In the approach spelled out in this book, a good bit of emphasis is placed on obtaining measurements from the involved children. This follows from the fact that we are far more interested in attempting to determine the actual impact a parent is having on a child than we are in what a parent may or may not be doing. It is certainly not that we have no interest in what parents do; this body of information comprises a very important part of a comprehensive custody evaluation. But without knowing the effects of these behaviors on a child, the aforementioned data have little informational value to a custody decision-maker. In fact, it may be correct to say that just as in the subatomic world of quantum mechanics in which there is nothing "really out there" independent of the design of some particular experiment or observational mechanism, that is no "parental behavior" independent of its impact on a given child at a particular time.
We were heavily influenced in coming to this approach by observations we made during research carried out in the early 1960's, while developing the Perception-of-Relationships Test or PORT. One observation was how frequently what a child was taking as the "meaning" of a given parent's communications seemed to all observers pretty much unrelated to what the parent was intending to communicate.

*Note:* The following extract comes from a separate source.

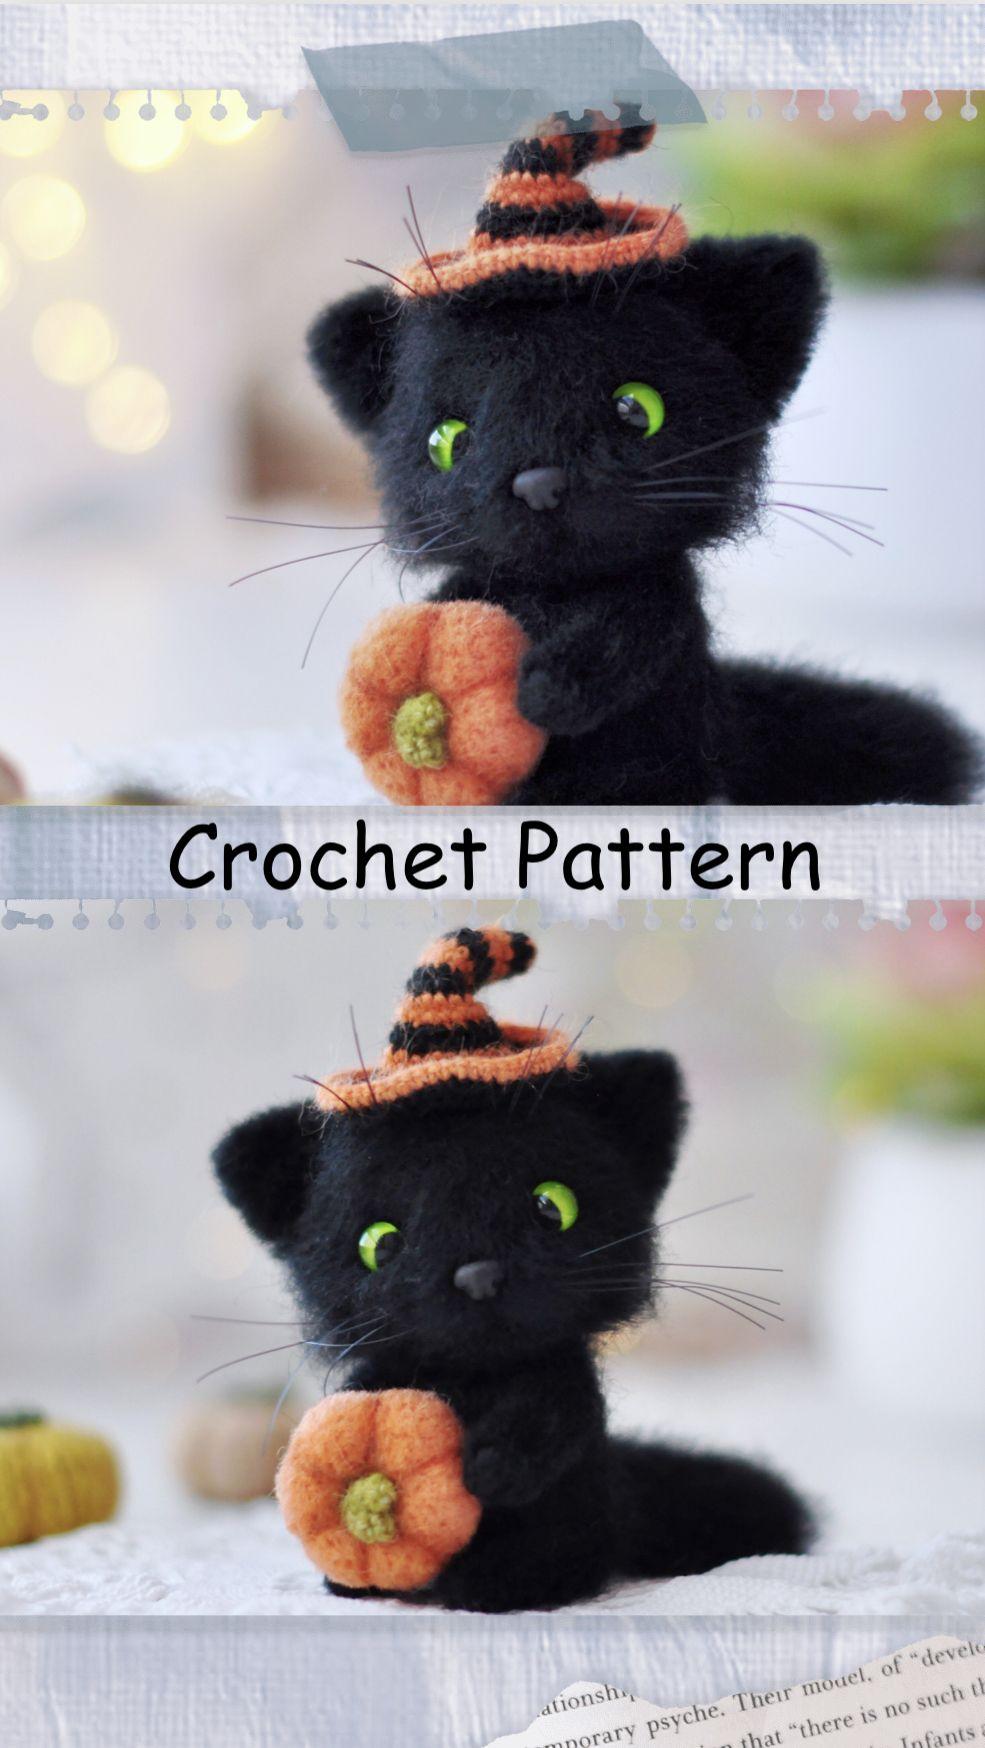 Cat Crochet Pattern Crochet Kitty Cat Pattern Amigurumi Cat Halloween Cat Crochet Kitten Realistic Cat Crochet Pattern Crochet Pumpkin In 2020 Crochet Patterns Diy Crochet And Knitting Crochet

Over the years, we have been influenced by similar conceptual approaches. One is the "utilization" model of Milton Erickson. Translated into our purposes, this model suggests that a child's ability to utilize parental behavior is a more salient piece of information to a custody evaluator than is the meaning or label the evaluator might assign to the parental behavior.
These ideas are also similar to those proposed by Thomas, Chess, and Birch (1968) with their goodness-of-fit assessment of parent-child interactions.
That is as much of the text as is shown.